WA Government adds funding for 42 exploration projects

The Western Australian Government has committed a further $4.75 million to the exploration incentive scheme’s (EIS) co-funded drilling program.

Forty-two projects will share in the new funding, which will be round 14 of the initiative, the state government announced.

The co-funded drilling program refunds up to 50 per cent of drilling costs with limits of $150,000 for a multi-hole project, $200,000 for a single deep hole and $30,000 for a prospector’s project.

Refunds occur after completion of drilling and the submission of reports, which are made public by the WA Department of Mines and Petroleum after six months.

WA mines and petroleum minister Sean L’Estrange said the competitive drilling program, heading into its ninth year, provided companies with added incentive to drill in underexplored regions. It has already resulted in a number of significant discoveries, he added.

“Among the success stories is the Nova discovery east of Northam, supported by EIS geophysics data and co-funding in 2011-12, with production having commenced in November this year,” L’Estrange said.

Other EIS discoveries include the Camelwood nickel deposit, Yeneena copper deposit, Millenium zinc project, the Dusk Til Dawn gold discoveries, deep gold at Gruyere and the nickel discovery at Emily Ann.

Association of Mining & Exploration Companies (AMEC) chief executive Simon Bennison said the program was highly regarded by industry and had provided co-funding for more than 630 projects.

“Independent research has also highlighted the value the program provides to the State with every $1 million invested in the EIS program generating $10.3 million in direct benefits for the state,” Bennison said.

“Sourcing capital is challenging in the current market conditions where investors are risk adverse and not investing in exploration. Continuation of the program is essential to enable these companies to continue exploring and making new mineral discoveries such as the Nova nickel at Fraser Ranger and Gruyere, east of Laverton.”

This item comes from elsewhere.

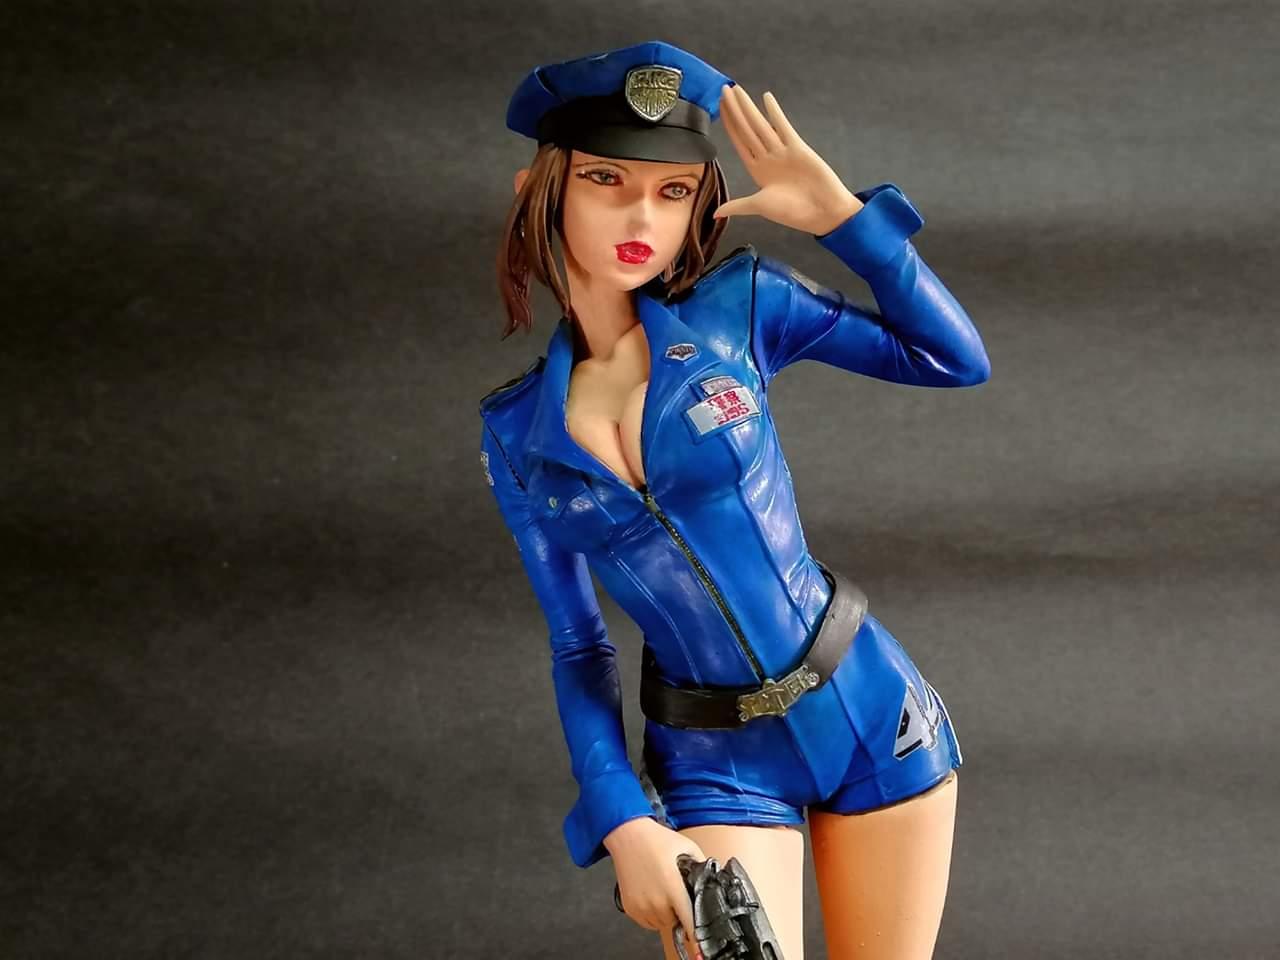 Spinner Girl Blade Runner Police  - 1974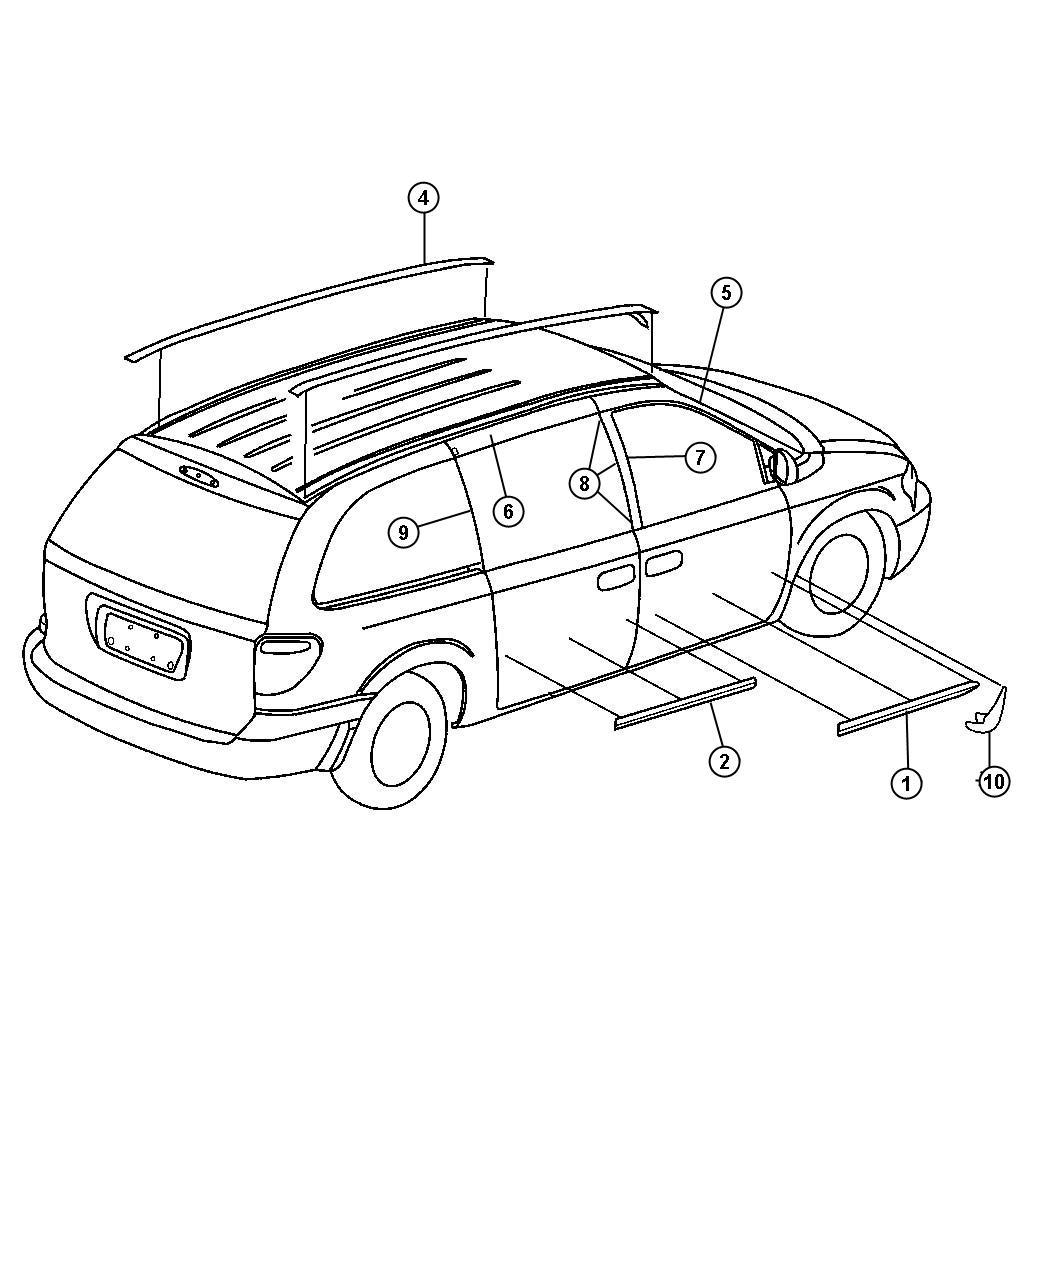 Dodge Grand Caravan Sxt 3 8l V6 Molding Roof Right

WA Chamber of Minerals and Energy chief executive Reg Howard-Smith also welcomed the funding commitment, saying higher levels of exploration drilling in the state were encouraging.

“Without ongoing investment in exploration activities many resources would remain undiscovered, stifling the growth and prosperity of the sector and the economy into the future, risking employment, investment and government revenue,” Howard-Smith said.